I think you may have a point that some teachers are simply not good at writing tests, and in their attempt to write a "good NCLEX style question" go overboad and base it of their own priorities and logic instead of what is taught.
But your whole "smart critical thinkers fail, dumb mindless zombies excel" is such a weak argument that it is more laughable than insulting :)
I have done very well in my program. I have a teacher or two that I thought needed to stick to test bank questions because they cannot construct well written questions on their own, but truly this is not the norm.
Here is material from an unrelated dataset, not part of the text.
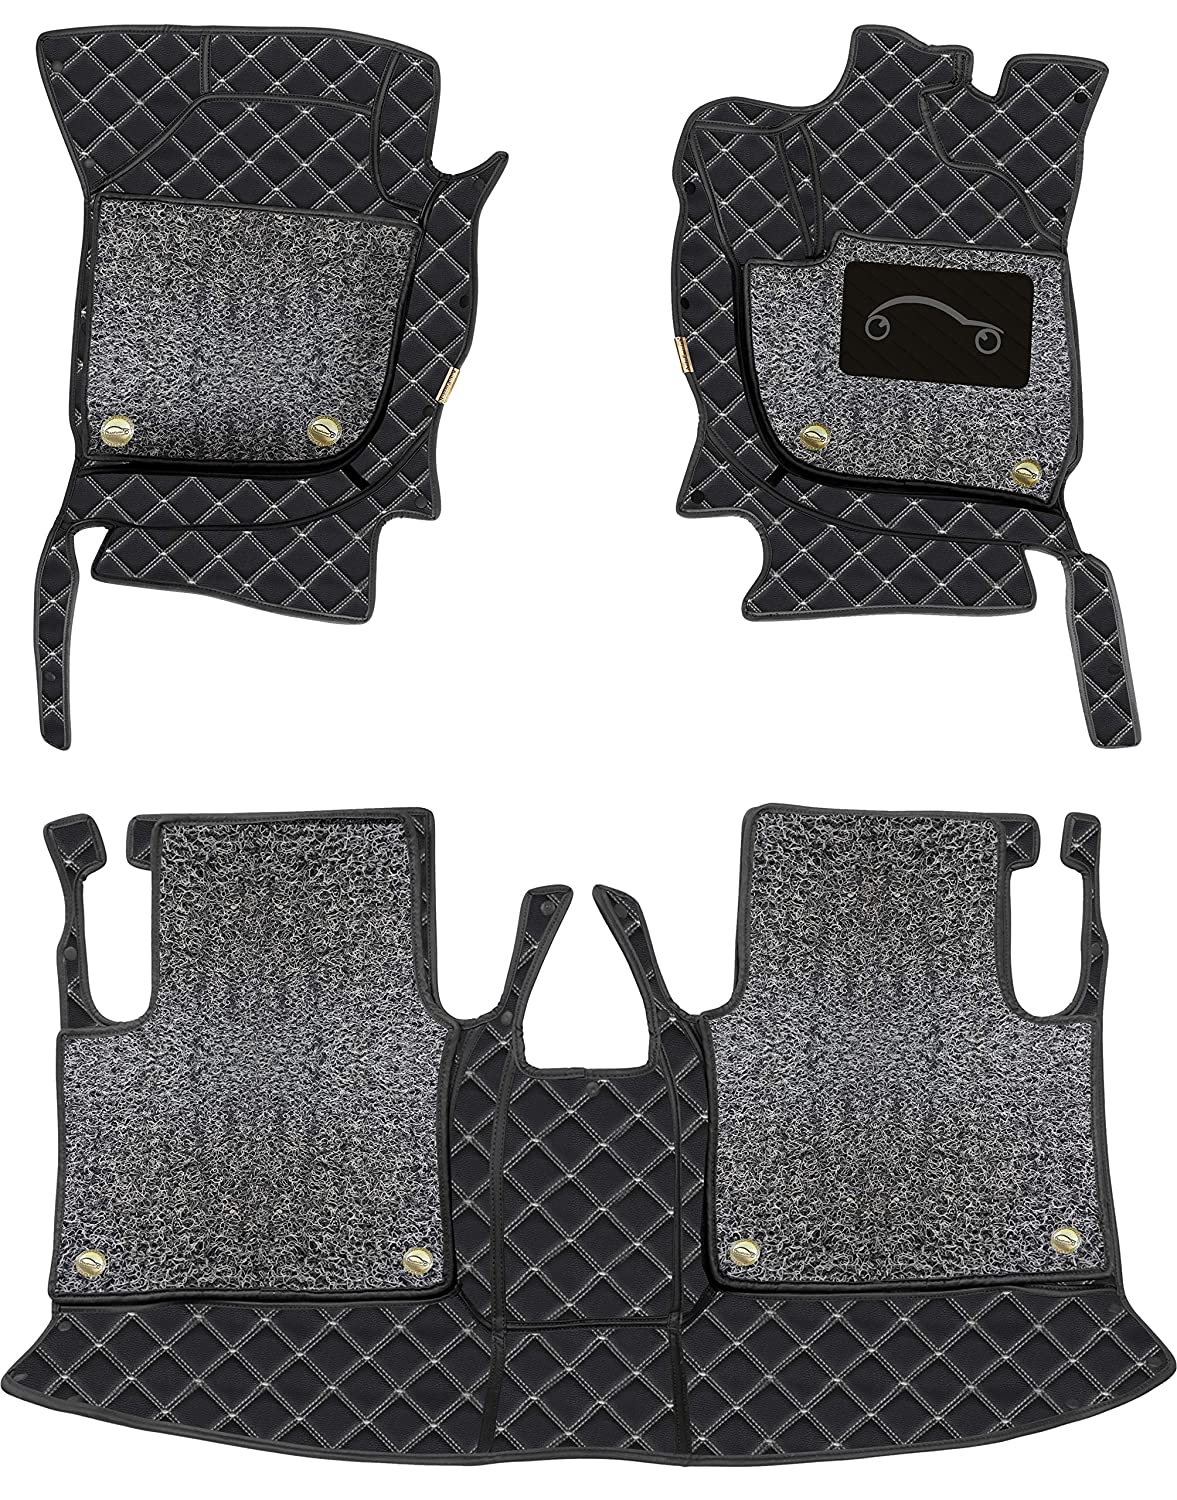 Porsche Panamera 4 2011 7D Luxury Car Mat, All Weather Proof, Anti-Skid, 100% Waterproof & Odorless with Unique Diamond Fish Design (24mm Luxury PU Leather, 2 Rows)
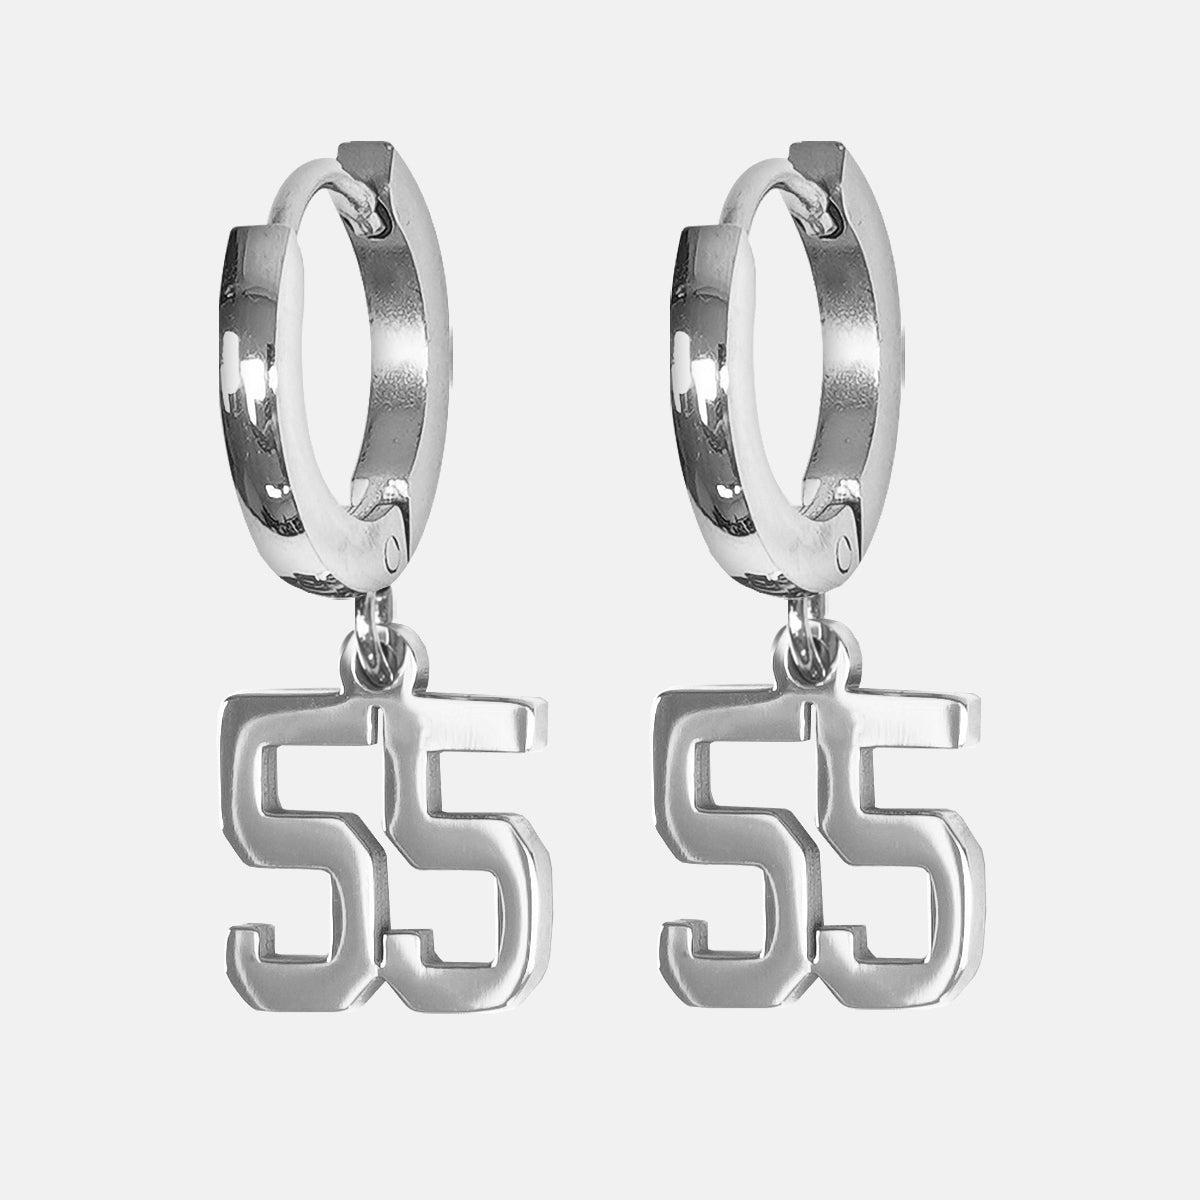 55 Number Earring - Stainless Steel

In fact, many a time, while going over a test in class, many students will whine and complain that a test question was too tricky, or another answer was just as good; and yet myself and others saw perfectly well the logic in the correct answer and why it was the BEST answer. I used to speak up in class to explain what they weren't understanding or how to negotiate a question like that in the future (because I think most times the teachers just get flustered with all the outcry) but I have found that few wanted to really learn from their mistake and just wanted their point back. I'm sure it wasn't making me any friends eithers lol!
Maybe i didn't make myself clear on some points, but i'm sure people who are currently in nursing school had no problem understanding me.When i talked about how the questions cloud the issue, i didn't mean they cloud it by complications the pt has -- that is rarely the case. they cloud it by including information that is completely irrelevant to the correct answer.
I will try to find specific examples and post them here later...
Nope, sorry. I am currently in a nursing program. I completely understand you. I just disagree.
it's interesting though... why is it that no other program or class other than nursing have students constantly voicing similar opinions -- that the exam questions are not worded right, that the content of the exam is not covered in lecture, "too many questions were formatted so a person who was very familiar with the material was likely to be tricked into selecting the "wrong" correct answer." (from 2ndyearstudent ) etc etc
i don't remember students taking math, physics, biology, psychology, computer science, english, spanish, logic, history to have these kind of problems with tests... something to think about
itsmejuli
2,188 Posts
Read the question through once and look at the answers. Then read the question again and underline the key words and what the question is asking. Then eliminate the obviously wrong 2 answers. Read your underlined words/phrase again and look at the 2 remaining answers and select the right one.
Here's a really good example from the Saunders cd:
A nurse monitors the respiratory status of the client being treated for acute exacerbation of chronic COPD. Which of the following assessment findings would indicate a deterioration in ventilation?
a. cyanosis
b. rapid, shallow respirations
c. hyperventilated chest
d. coorifice crackles auscultated bilaterally
Hyperventilated chest and cyanosis are common in people with chronic COPD so eliminate those right away.
If you read through the question quickly you'd be tempted to select D. You need to read the question again, its asking about "deterioration in ventilation" so the answer is B.
Do not sit there and keep looking at the question and answers and telling yourself that all of the symptoms apply to COPD. Concentrate only on what the question is specifically asking, don't try to justify anything.
This is how I do exams and it works well for me.